THE PROBLEM
In your copy, leave out the pictures; write out all the data exactly.

PROVIDED DATA
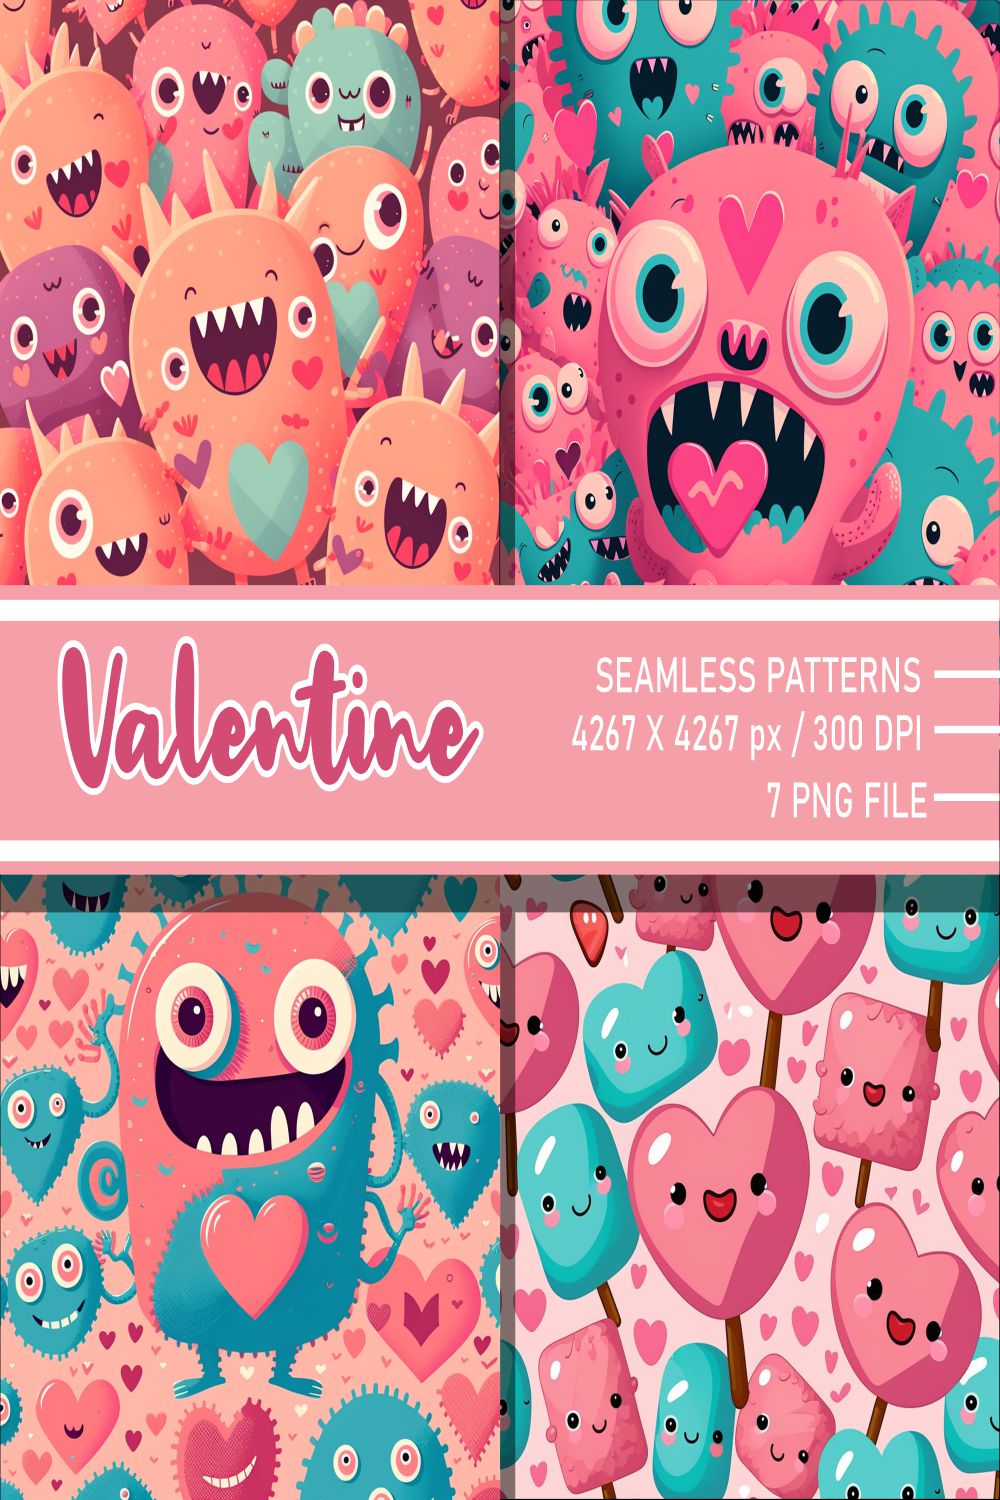 happy valentines day character 2$ pinterest preview image.
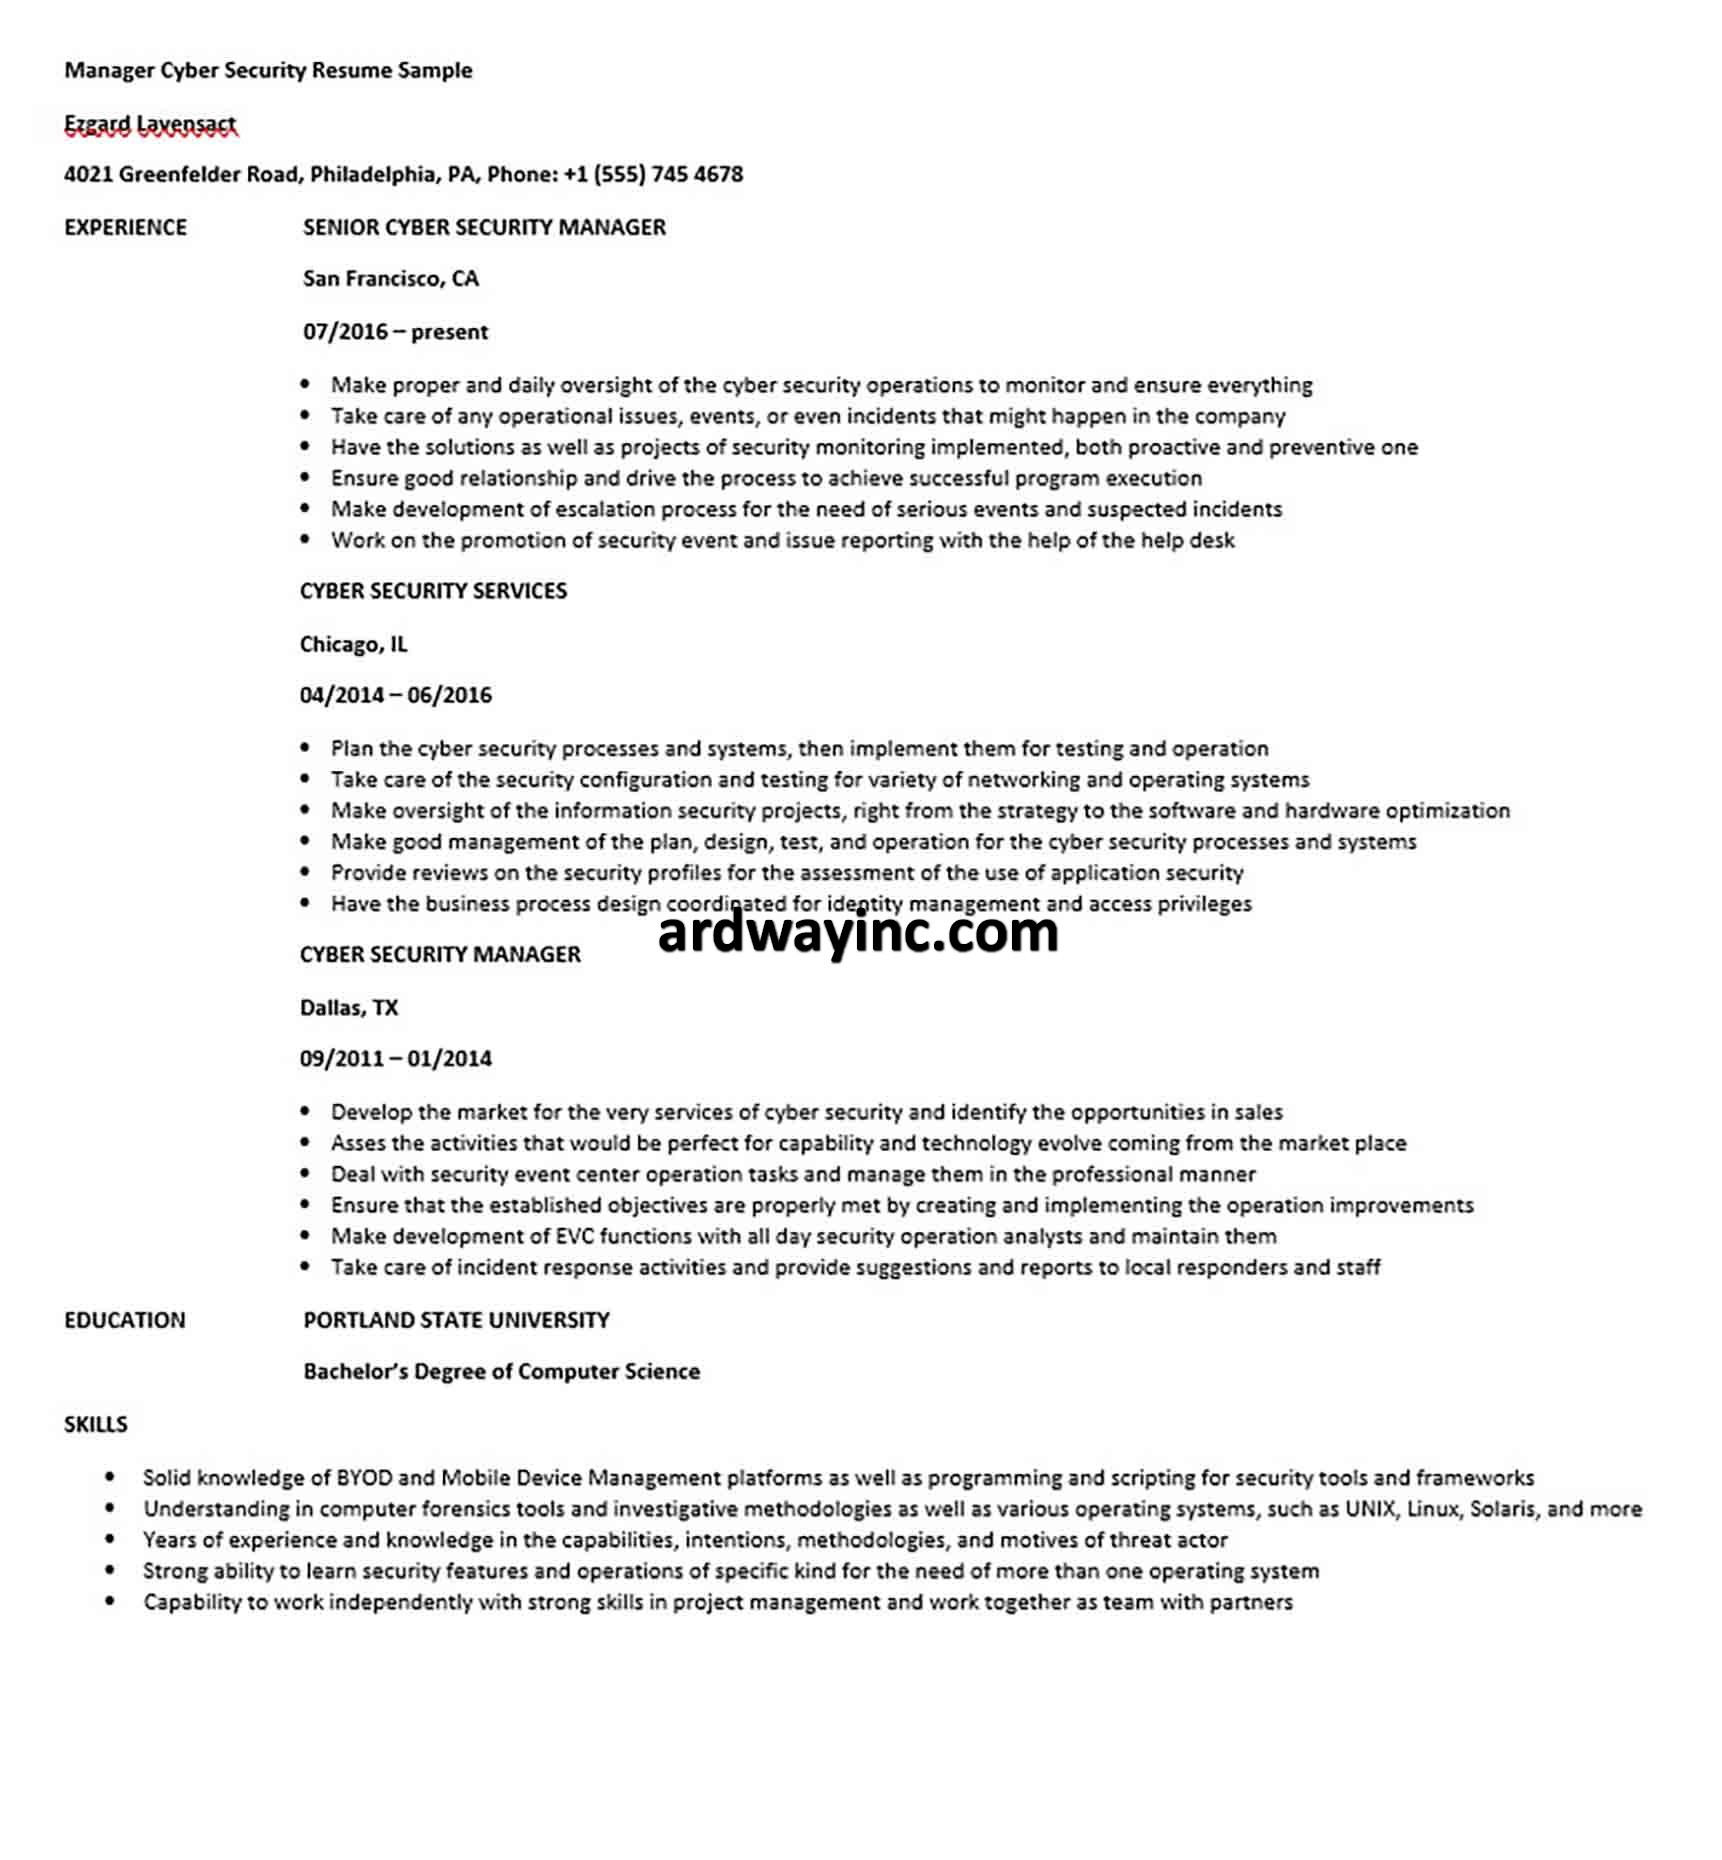 Manager Cyber Security Resume Sample
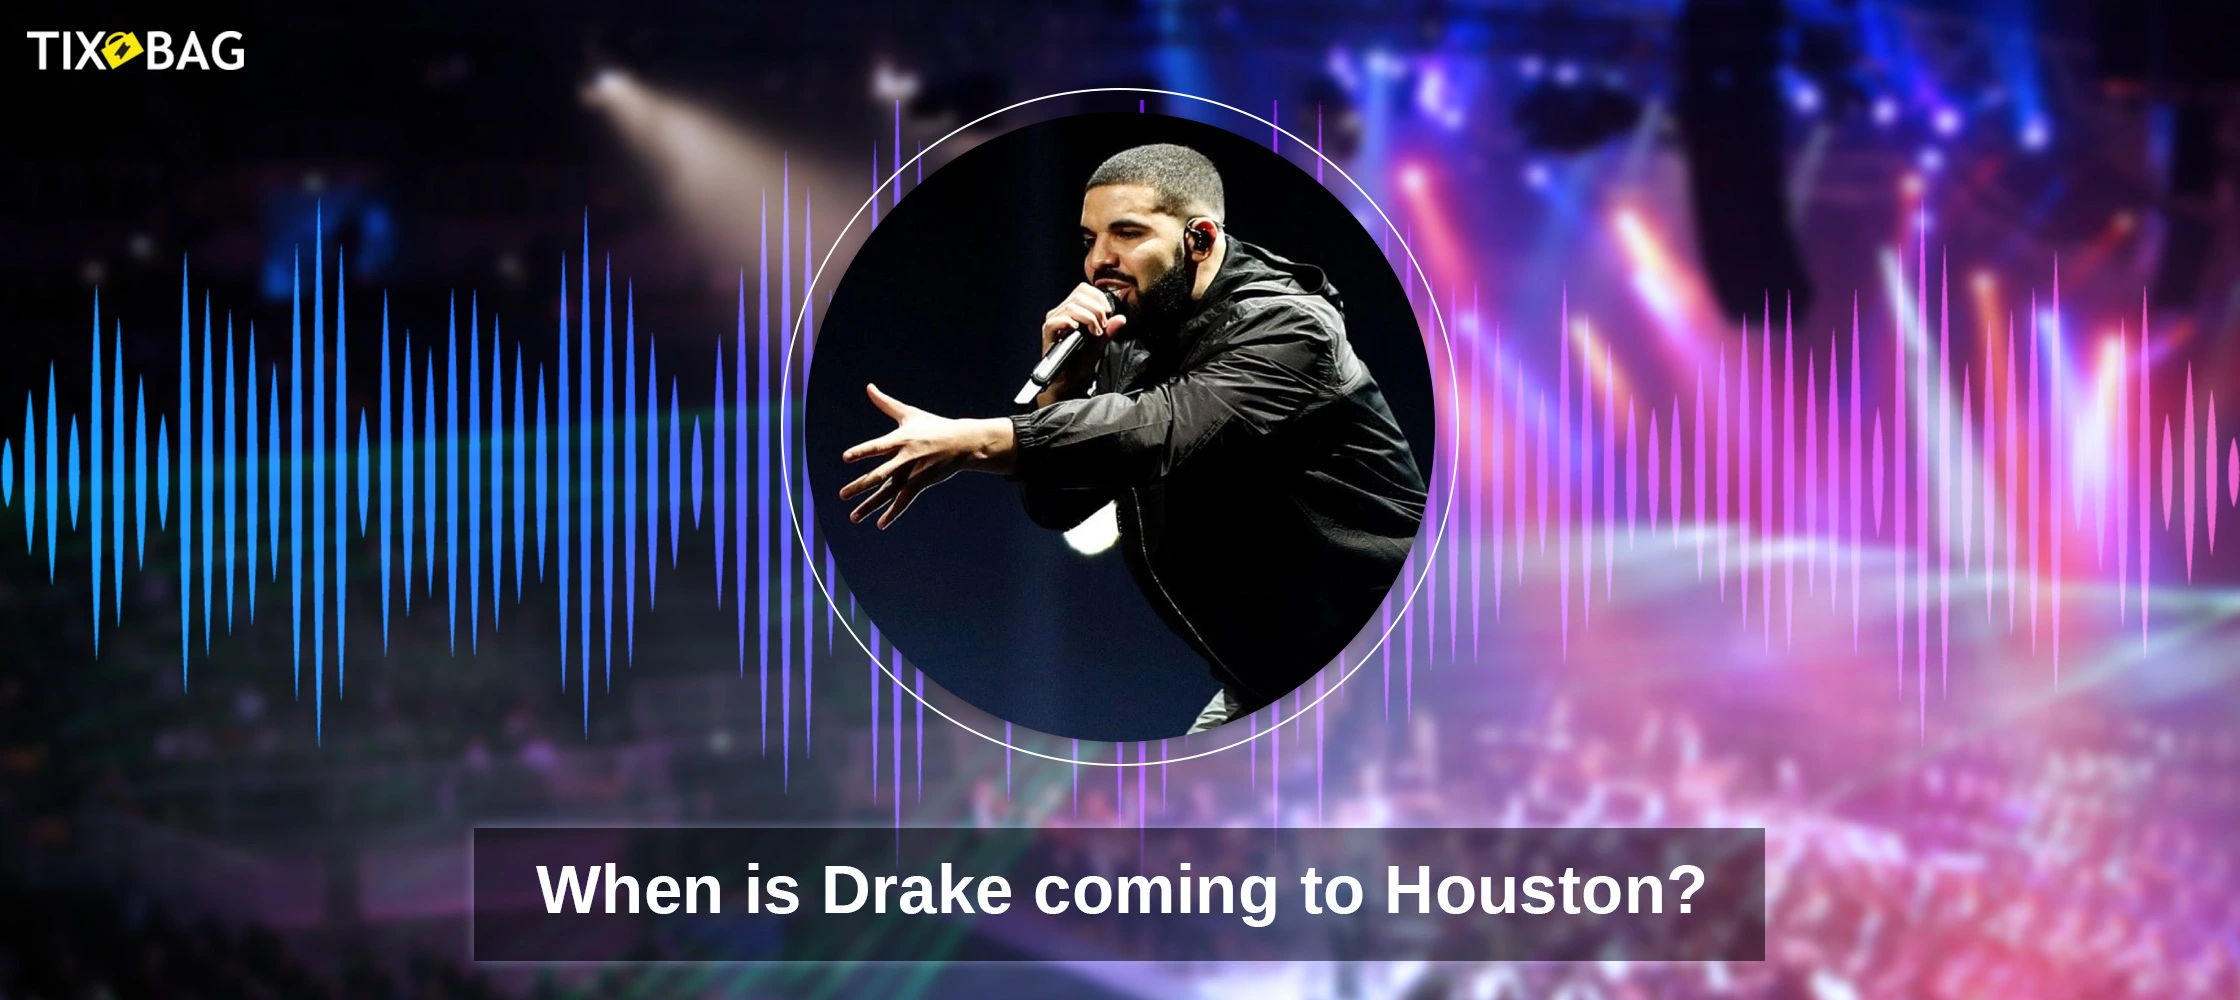 When is Drake coming to Houston?

EXERCISE OUTPUT
 happy valentines day character 2$ pinterest preview image.
 Manager Cyber Security Resume Sample
 When is Drake coming to Houston?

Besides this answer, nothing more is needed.